① Pair based on all keys in the table on the left. In the figure, because the`e`

It is not in the left table, so it will not be paired.

② If the`payment`

Columns are merged into the left table with missing values for those without matching values`NaN`

Fill

Process summary:

about`'right'`

Type`merge`

and`'left'`

In fact, it is almost the same. As long as you change the positions of the two tables, the results returned by the two methods are the same (), as follows:

```
In [22]: df_2.merge(df_1,how='right',on='userid')
Out[22]:
userid payment age
0 a 2000.0 23
1 c 3500.0 32
2 b NaN 46
3 d NaN 19
```

As for`'left'`

and`'right'`

As for the following`'outer'`

）The connected key is one to many case, principle and upper`'inner'`

It’s similar, so I won’t repeat it here.

# Three, outer

`'outer'`

yes**External connection**In the process of splicing, it will take**Union of keys of two tables**Splicing. Look at the text is not intuitive, or the example!

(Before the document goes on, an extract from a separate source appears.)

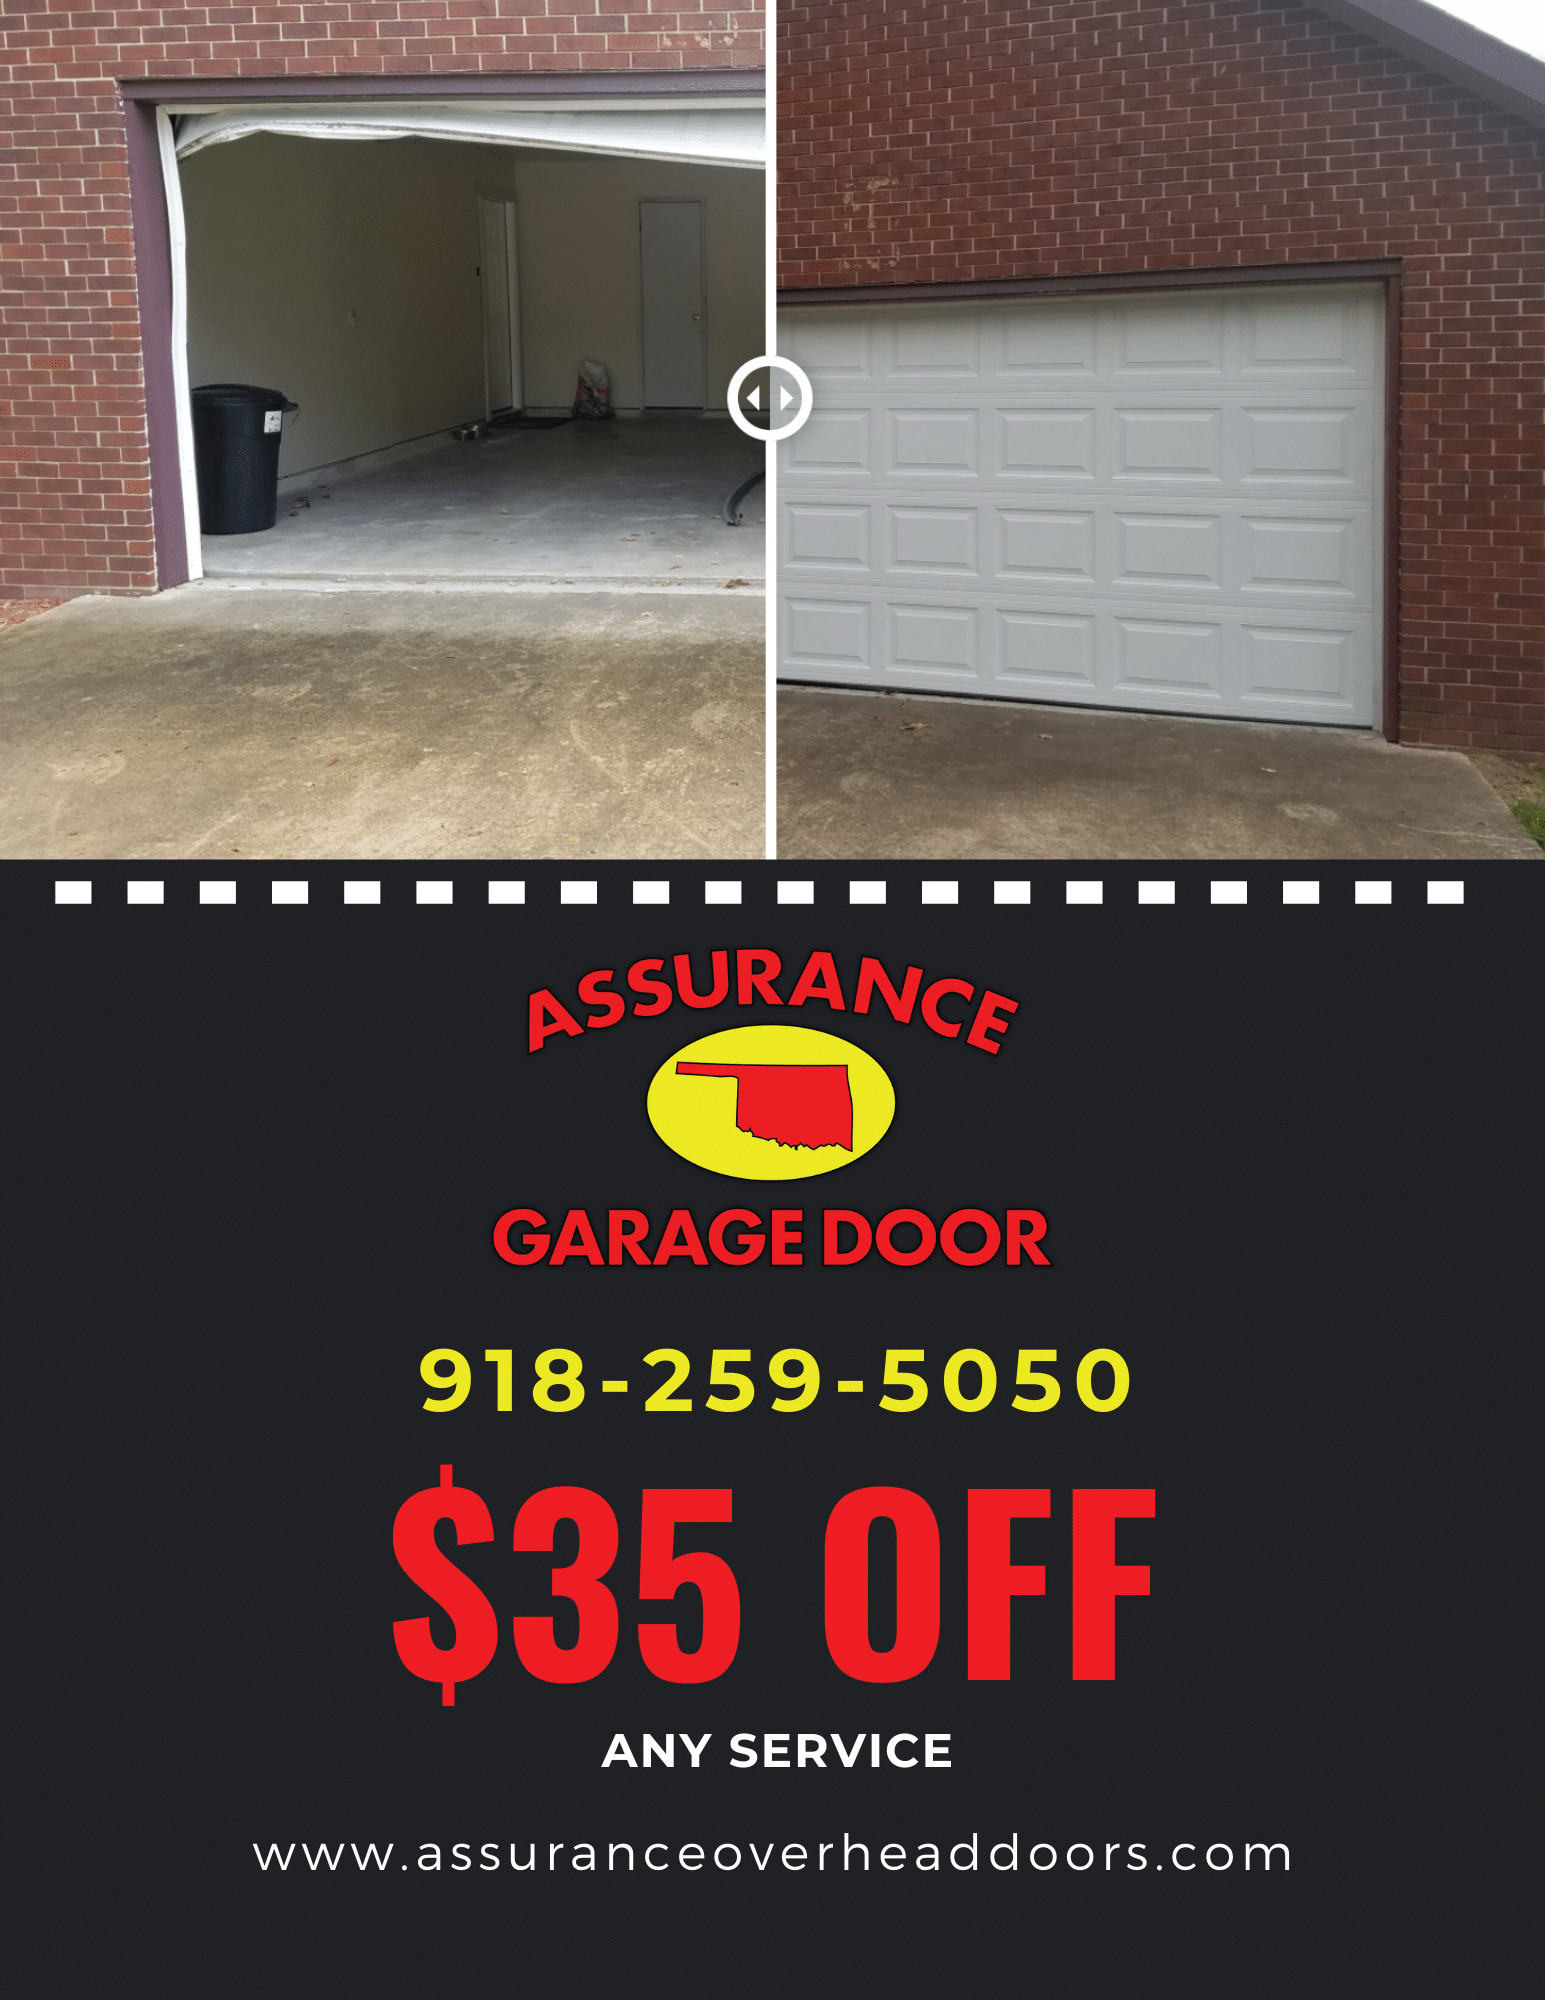 Assurance Garage Door - Coupon

Use the demo data used above

This use`'outer'`

Conduct`merge`

```
In [24]: df_1.merge(df_2,how='outer',on='userid')
Out[24]:
userid age payment
0 a 23.0 2000.0
1 b 46.0 NaN
2 c 32.0 3500.0
3 d 19.0 NaN
4 e NaN 600.0
```

**The diagram is as follows:**

① Take the union of two table keys, here is`{a,b,c,d,e}`

② Put the data columns of the two tables together, and use the missing values where there is no matching`NaN`

Fill in

I think the little friends who can read here have basically understood`merge`

The whole process, in summary,`merge`

The difference is that when splicing,**The key sets of the two selected tables are different**。 About pandas`merge`

That’s it!

Originality is not easy. If you think it’s a little bit useful, I hope you can give me some praise. Thank you old fellow.

Scan code is concerned about the public number “Python reading money”, the first time to get dry goods, you can also add Python learning exchange group!